Description

Implementation of the DISCO Metric for Internal Clustering Evaluation.

Description

Implementation of the DISCO (Density-based Internal Score for Clusterings with nOise) metric, a cluster validity index for evaluating density-based clustering results without ground truth labels. DISCO is the first index to explicitly assess the quality of noise point assignments in addition to cluster quality. It uses density-connectivity distance derived from a minimum spanning tree of the mutual-reachability graph, providing interpretable, bounded scores in [-1, 1]. Higher scores indicate better clustering. Based on Beer et al. (2025) <doi:10.48550/arXiv.2503.00127>.

README.md

cran.r-project.org

discoCVI

Implementation of the DISCO Metric for Internal Clustering Evaluation

R implementation of the DISCO (Density-based Internal Score for Clustering Outcomes) metric — a Cluster Validity Index (CVI) for evaluating density-based clustering results, including explicit evaluation of noise point quality. Translated from the original Python reference implementation by Beer, Krieger, Weber et al. (2025).

Overview
Why DISCO?
Installation
Quick Start
Function Reference
Algorithm
Implementation Notes
Experimental Results
File Structure
Results Interpretation
Citation

Overview

discoCVI evaluates clustering quality without ground truth labels by using density-connectivity distance (dc-distance) instead of Euclidean distance. It is the first CVI that:

Handles arbitrary-shaped clusters (not just convex/spherical)
Explicitly evaluates noise point quality (not just cluster quality)
Returns bounded, interpretable scores in [−1, 1]

Why DISCO?

Traditional CVIs like Silhouette and Davies-Bouldin assume convex clusters and ignore noise. On non-convex data, they rank the wrong algorithm higher:

Algorithm	Silhouette	Davies-Bouldin	DISCO
DBSCAN (correct)	−0.16 ❌	2.8 (bad) ❌	0.68 ✅
K-Means (wrong)	0.37 ✅	0.6 (good) ✅	0.22 ❌

DISCO correctly identifies DBSCAN as better on non-convex data.

Installation

# Install from GitHub
devtools::install_github("aminentezari/discoCVI")

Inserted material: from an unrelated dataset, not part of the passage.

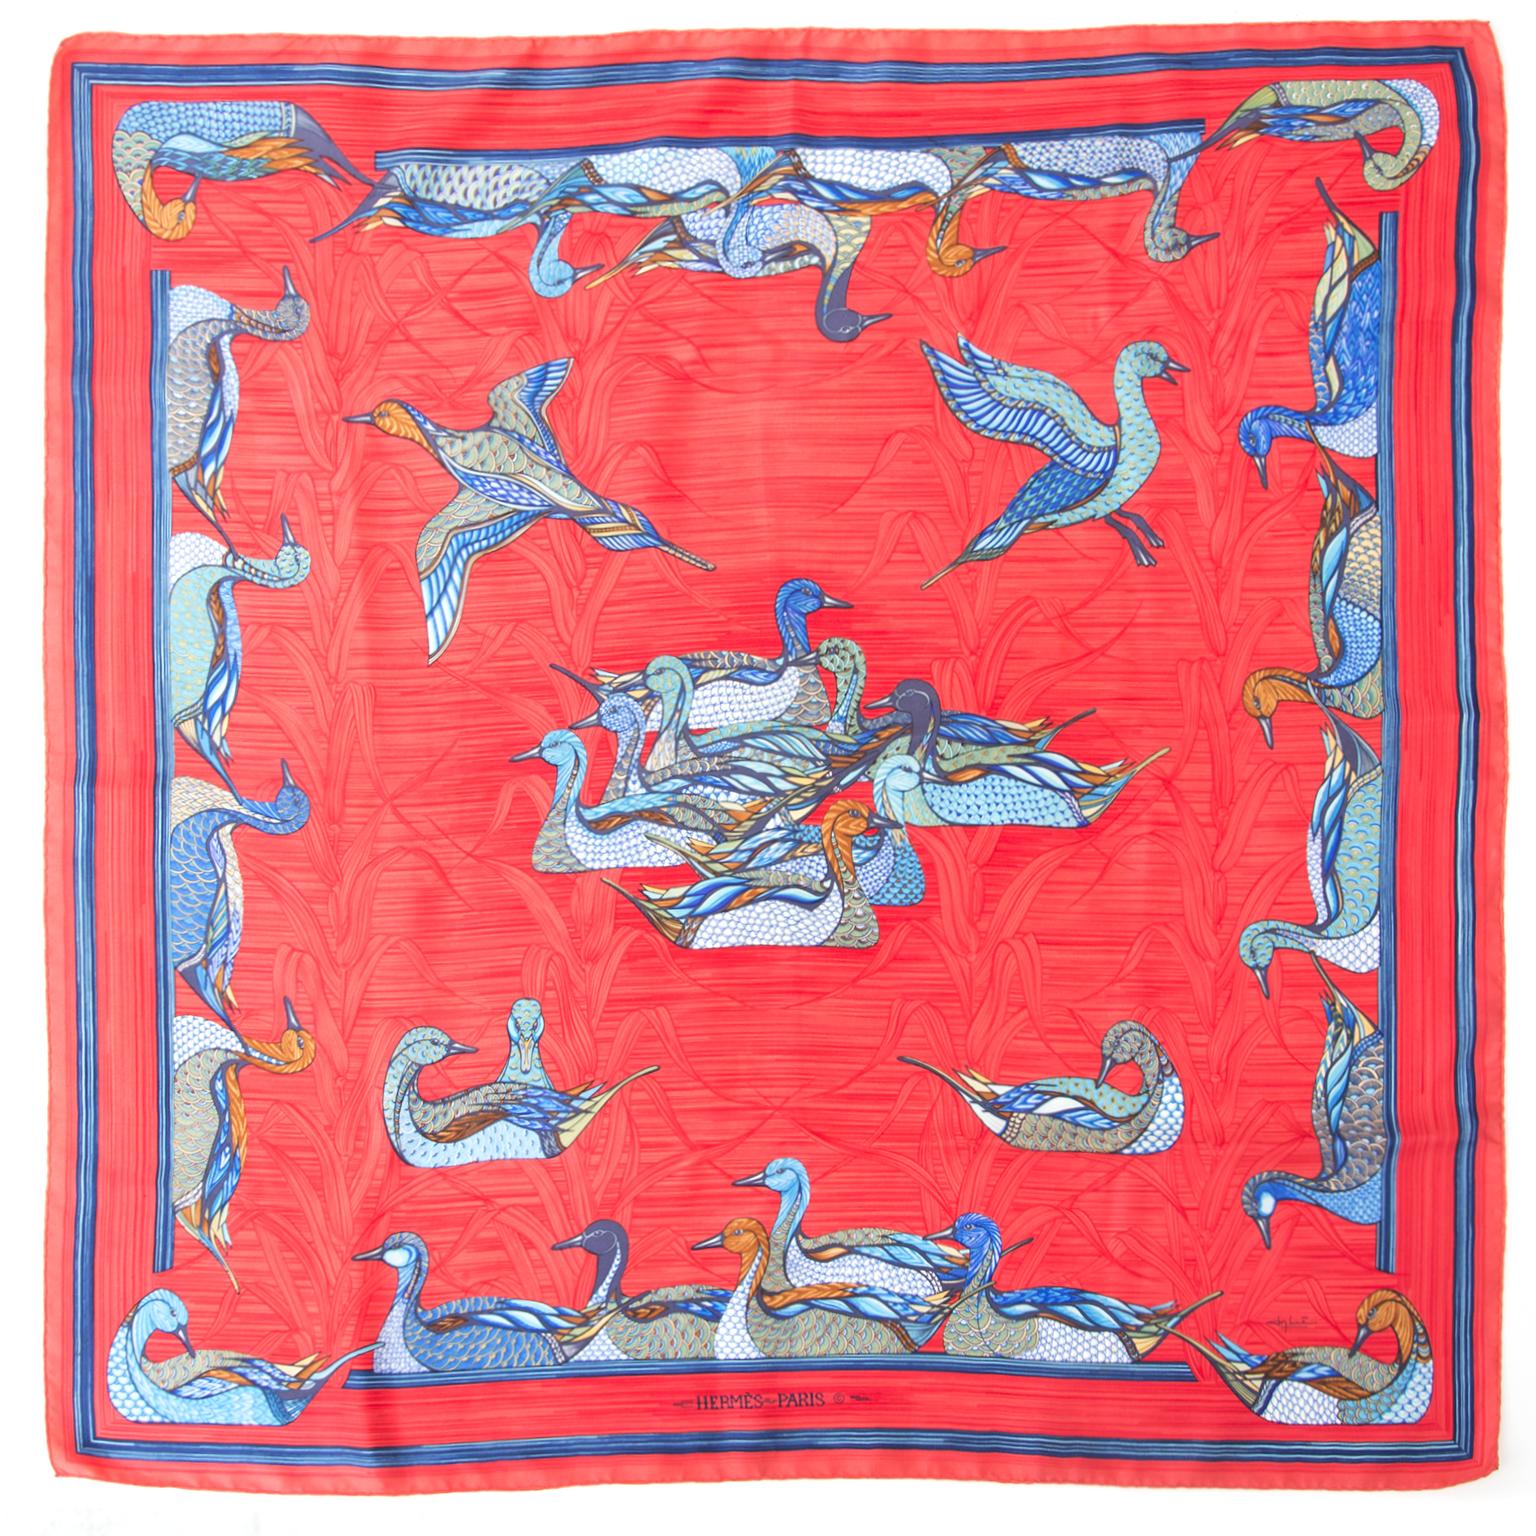 Acheter Hermès foulard en ligne au LabelLOV. De façon sécurisée. Vintage, mode. Anvers, Belgique.

Dependencies (installed automatically):

FNN — fast k-nearest neighbor search

Quick Start

library(discoCVI)
library(dbscan)

# 1. Generate synthetic data
data   <- make_circles(n_samples = 300, noise = 0.05, factor = 0.4, random_state = 42)
X      <- data$X

# 2. Apply clustering
db_labels <- dbscan(X, eps = 0.2, minPts = 5)$cluster - 1L  # 0 -> -1 for noise
km_labels <- kmeans(X, centers = 2, nstart = 10)$cluster - 1L

# 3. Evaluate
disco_score(X, db_labels)   # -> 0.6900921813
disco_score(X, km_labels)   # -> 0.0270091908

# 4. Per-point scores
scores <- disco_samples(X, db_labels)
summary_disco_scores(scores)

# 5. Visualise
plot_disco_scores(X, db_labels, scores, main = "DBSCAN - DISCO Scores")

# 6. Compare algorithms
compare_clusterings(X, list(DBSCAN = db_labels, KMeans = km_labels))

Function Reference

Core Functions

`disco_score(X, labels, min_points = 5)`

Returns a single number summarising overall clustering quality.

Argument	Type	Description
`X`	matrix / data.frame	n x p feature matrix
`labels`	integer vector	Cluster labels; use `-1` for noise
`min_points`	integer	k for dc-distance. Default: `5`

Returns: Single numeric in [-1, 1].

`disco_samples(X, labels, min_points = 5)`

Returns per-point scores — useful for identifying problematic points.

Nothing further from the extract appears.